Provided data:

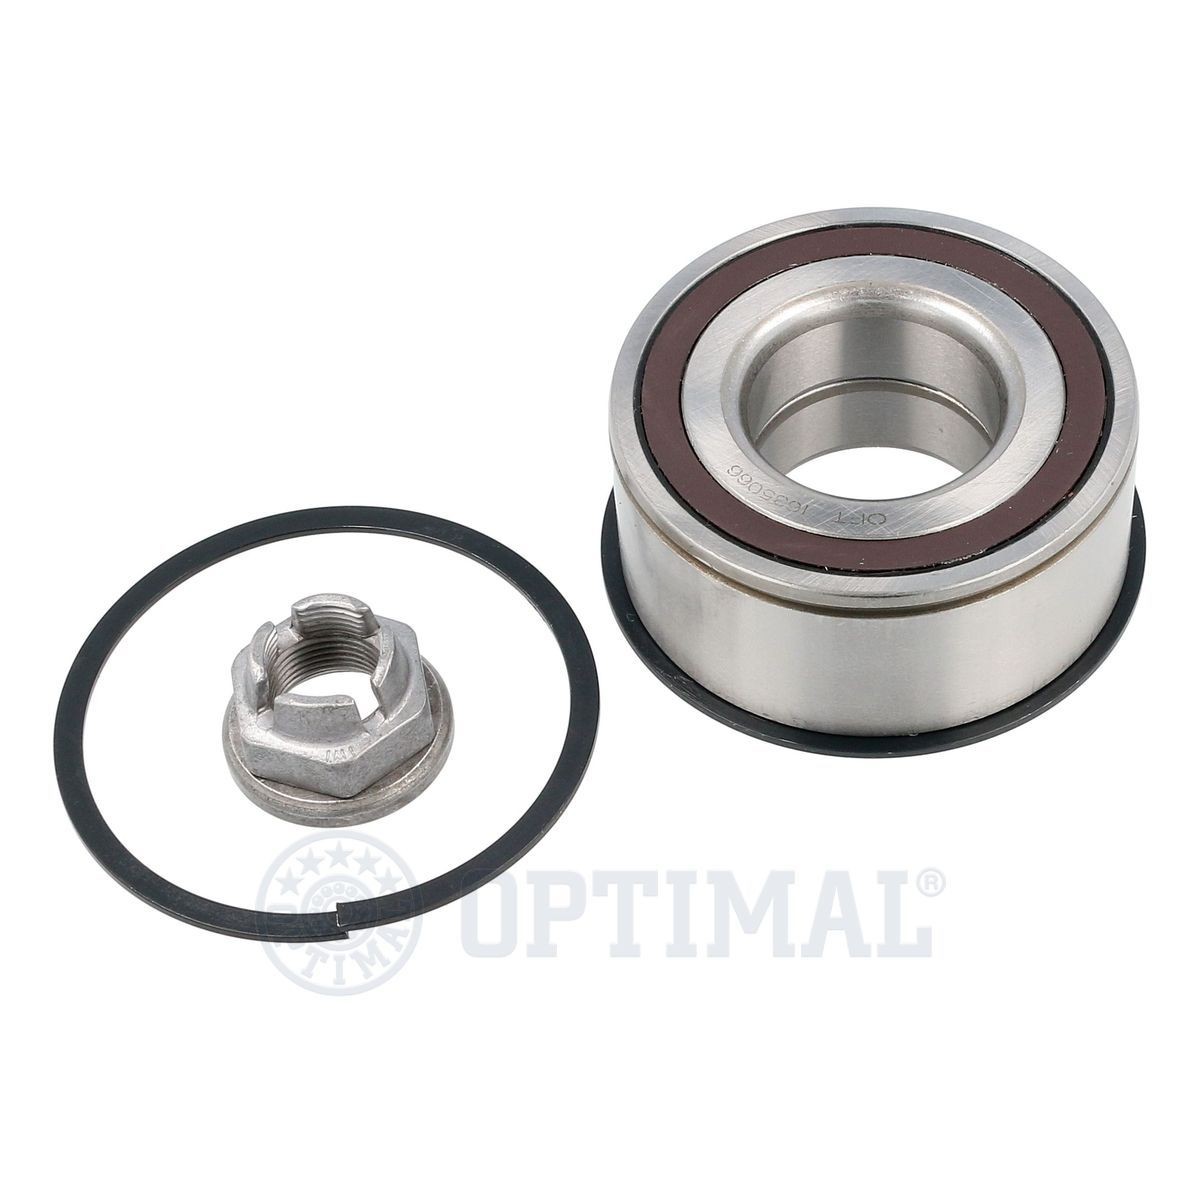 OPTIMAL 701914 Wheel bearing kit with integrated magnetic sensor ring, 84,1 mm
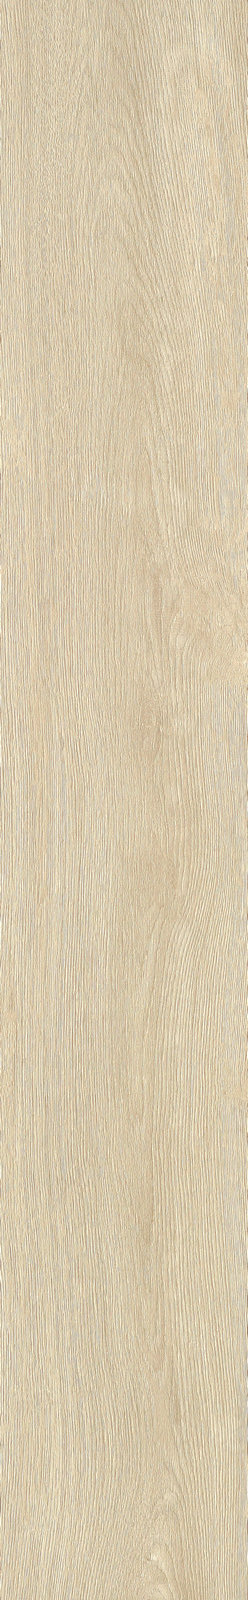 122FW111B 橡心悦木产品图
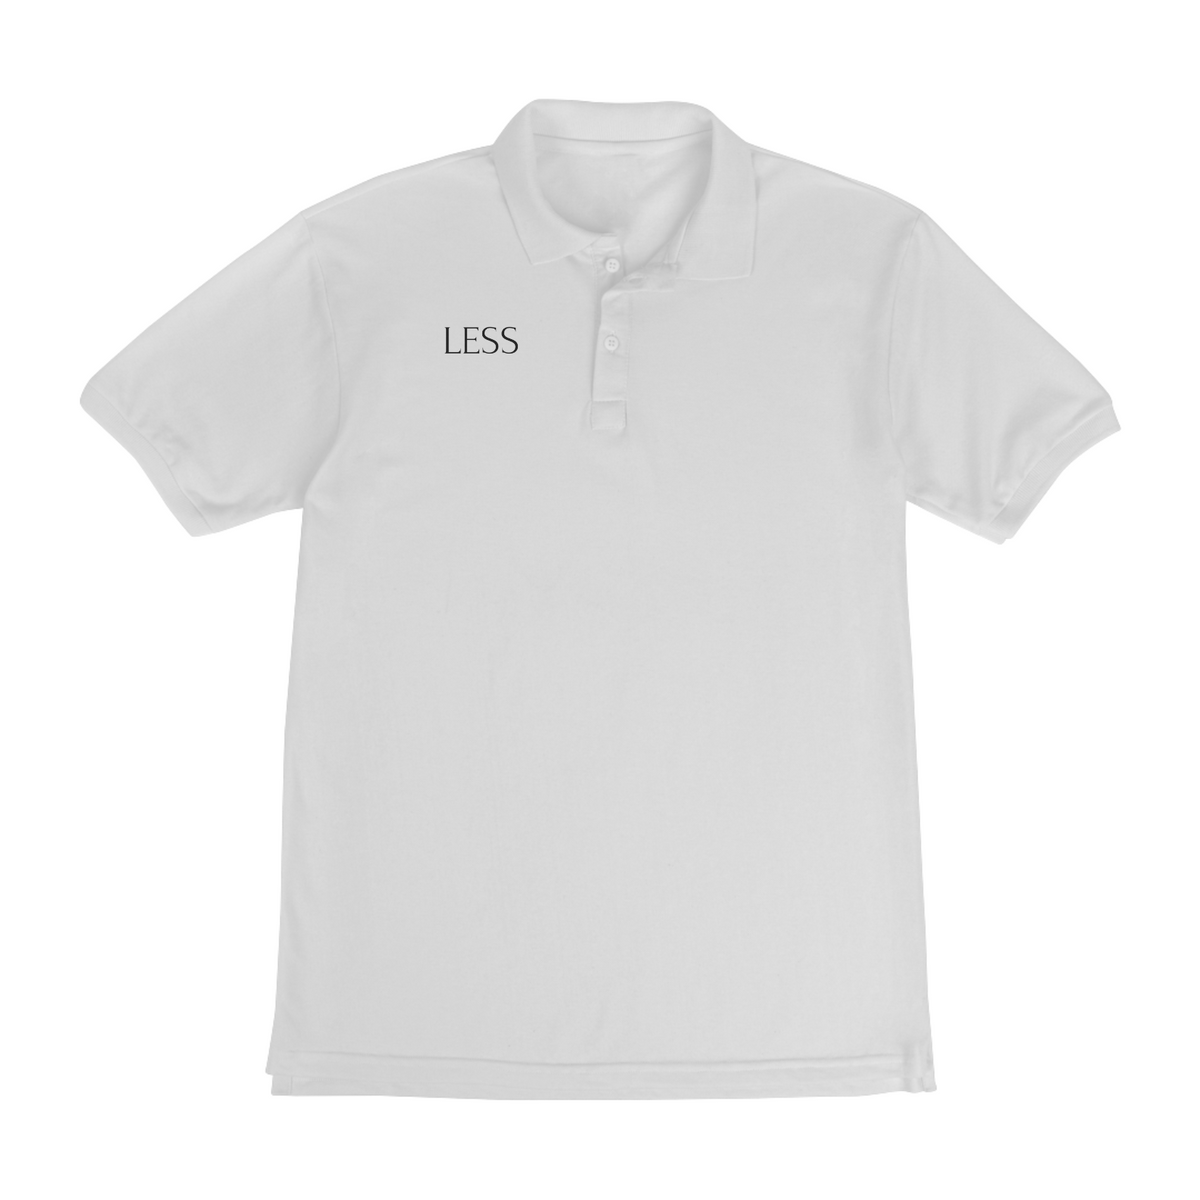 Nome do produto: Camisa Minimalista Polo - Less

Task details: Exactly as written, restate all of the data, leaving out the images.

Solved problem:
 OPTIMAL 701914 Wheel bearing kit with integrated magnetic sensor ring, 84,1 mm
 122FW111B 橡心悦木产品图
 Nome do produto: Camisa Minimalista Polo - Less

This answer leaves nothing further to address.